--- DATASET SECTION ---

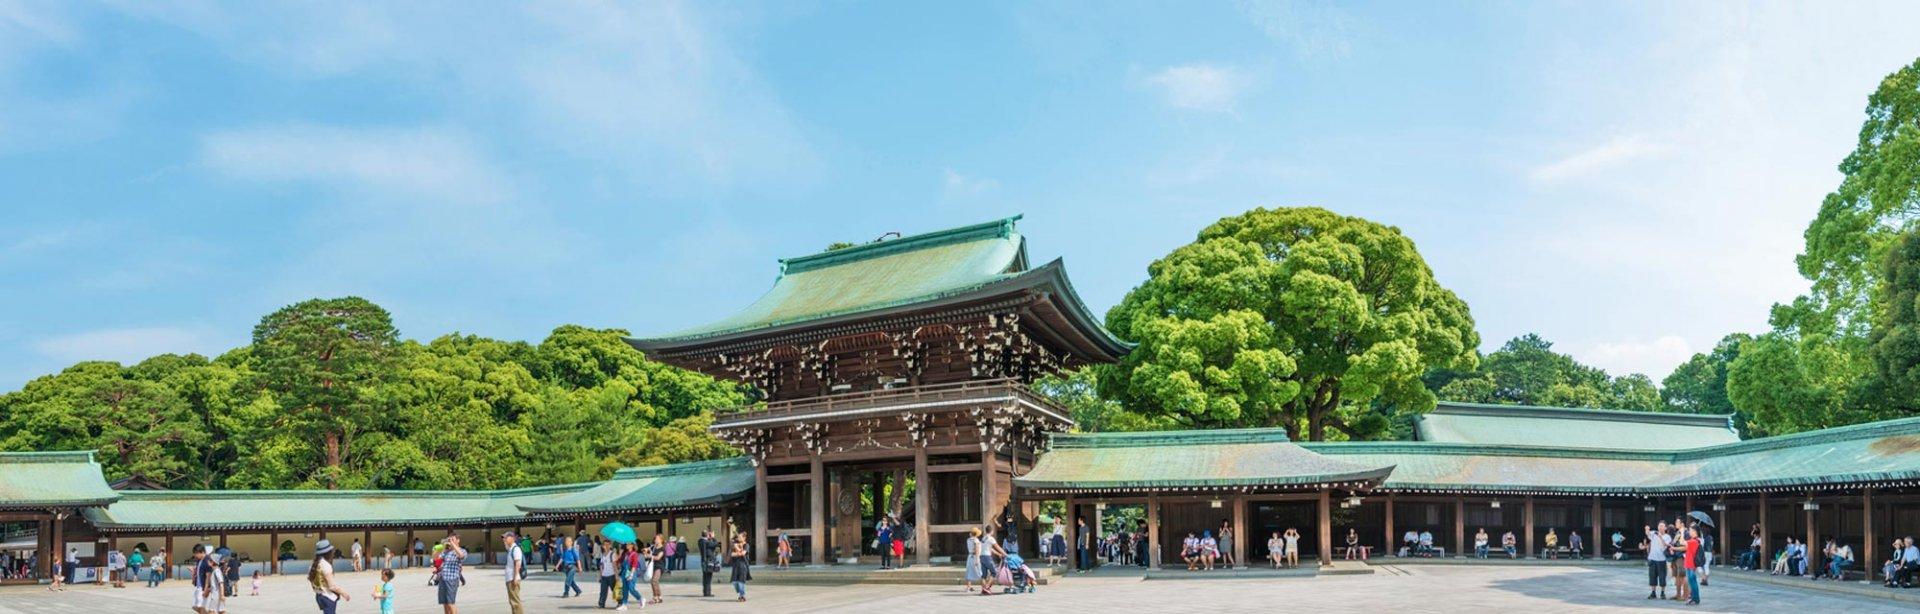 Meiji-jingu-Shrine.jpg
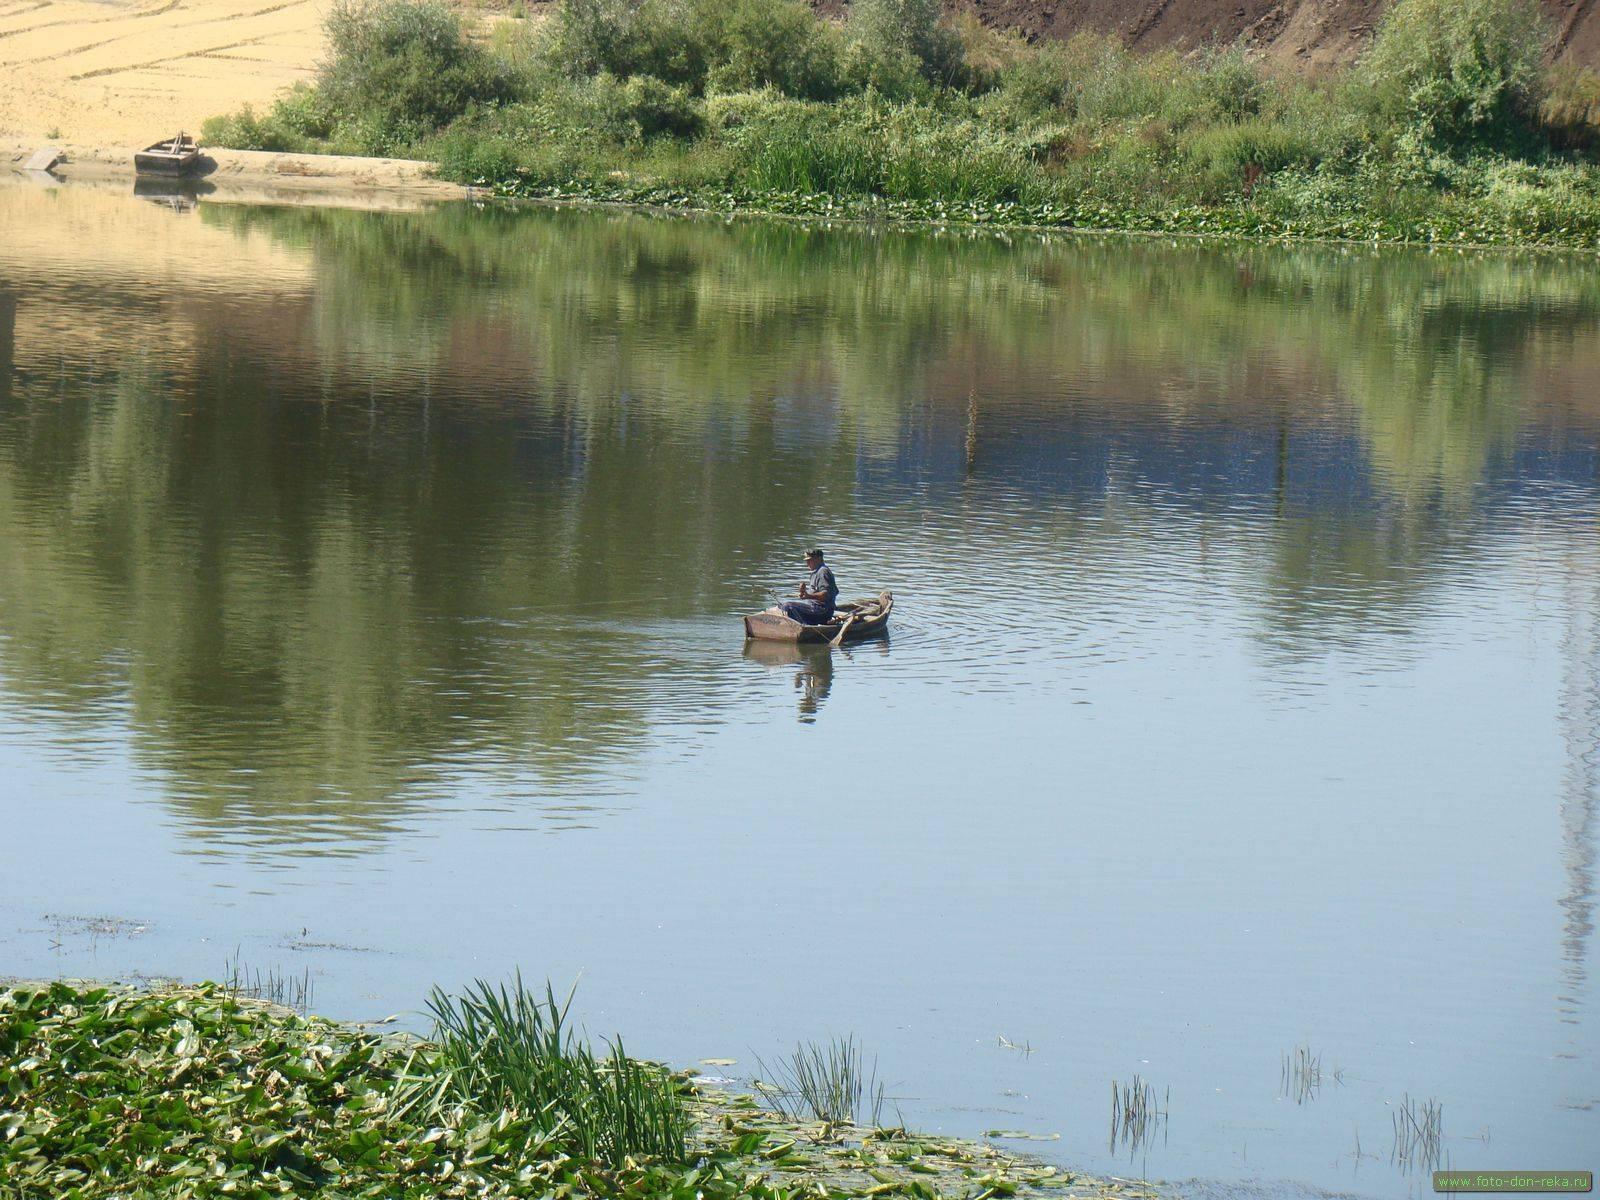 Рыболовные базы в ростове-на-дону и ростовской области: отдых с рыбалкой на маныче, другие недорогие турбазы с домиками
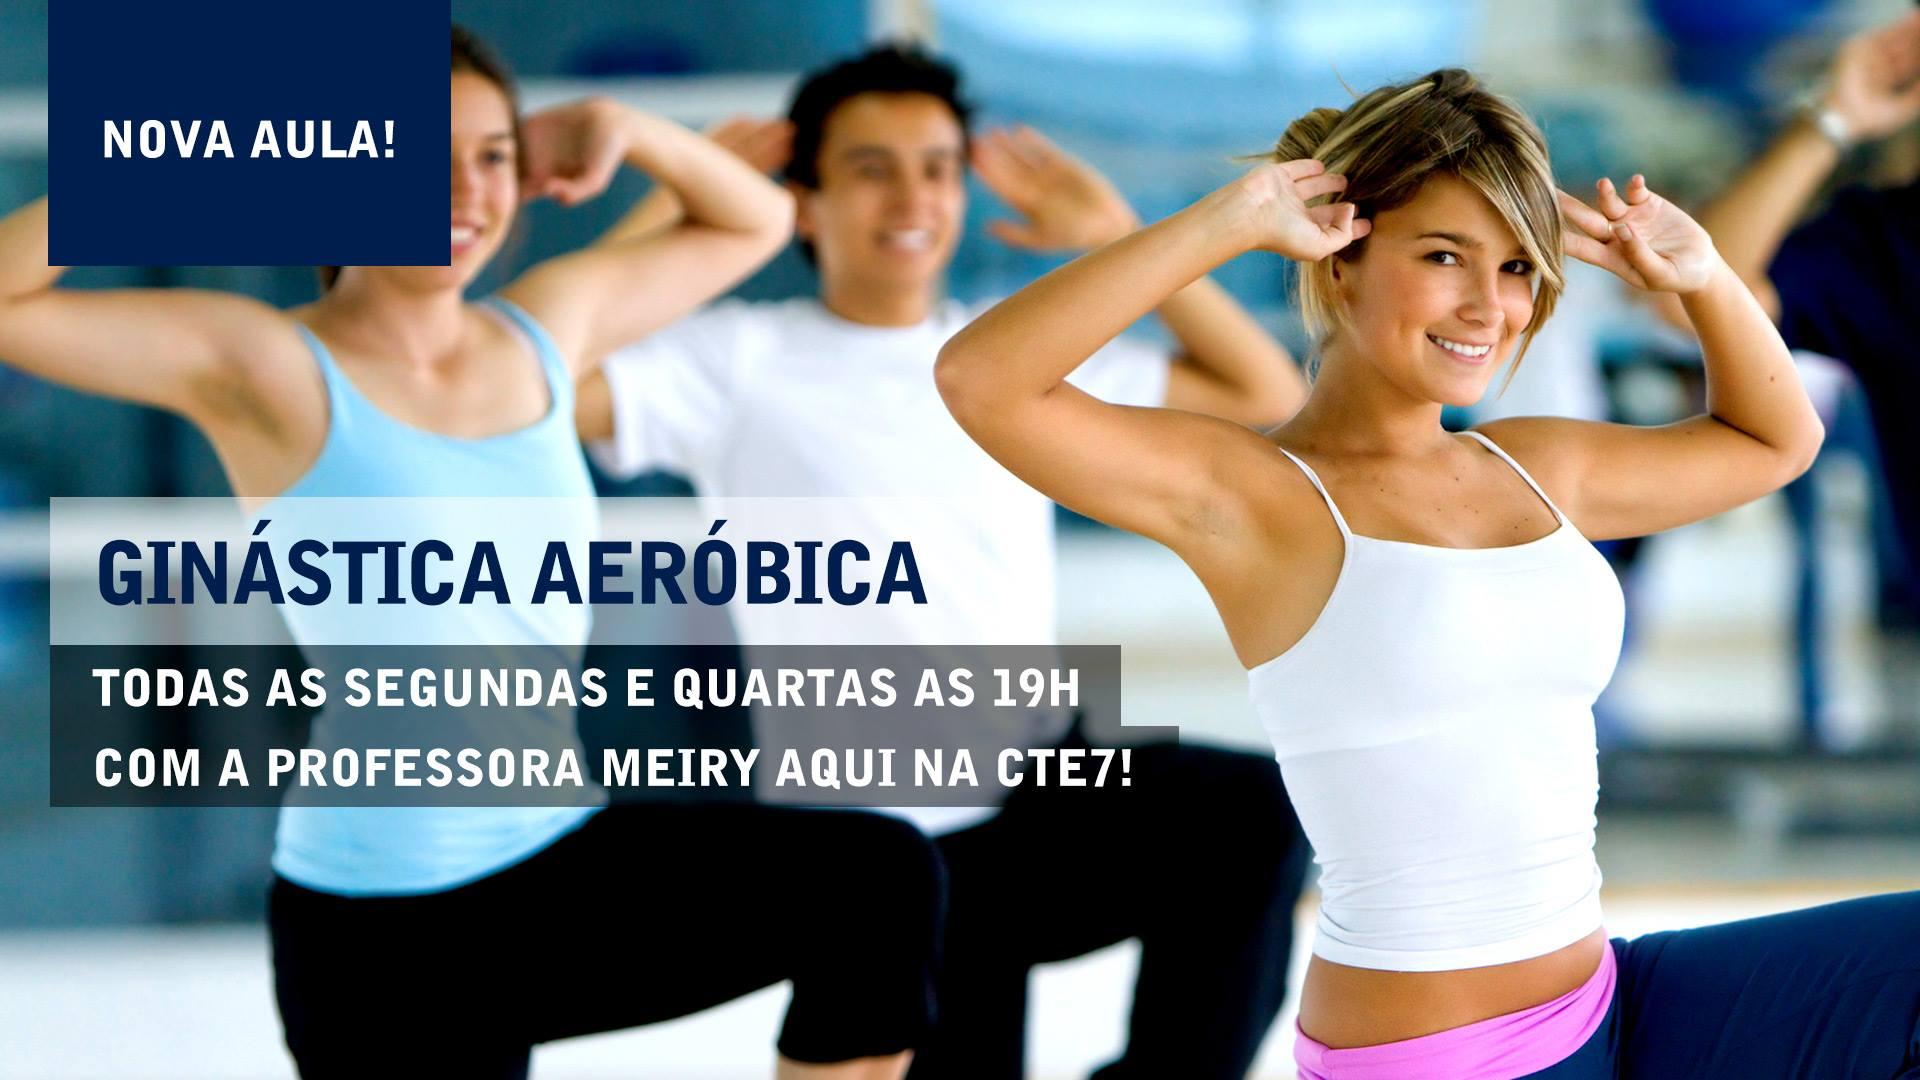 aula-ginástica-aeróbica-cte7

--- TO DO ---
Repeat the lines from the line containing "Рыболовные базы в" through the end of the material above exactly, with no pictures and nothing else.

--- RESULT BELOW ---
 Рыболовные базы в ростове-на-дону и ростовской области: отдых с рыбалкой на маныче, другие недорогие турбазы с домиками
 aula-ginástica-aeróbica-cte7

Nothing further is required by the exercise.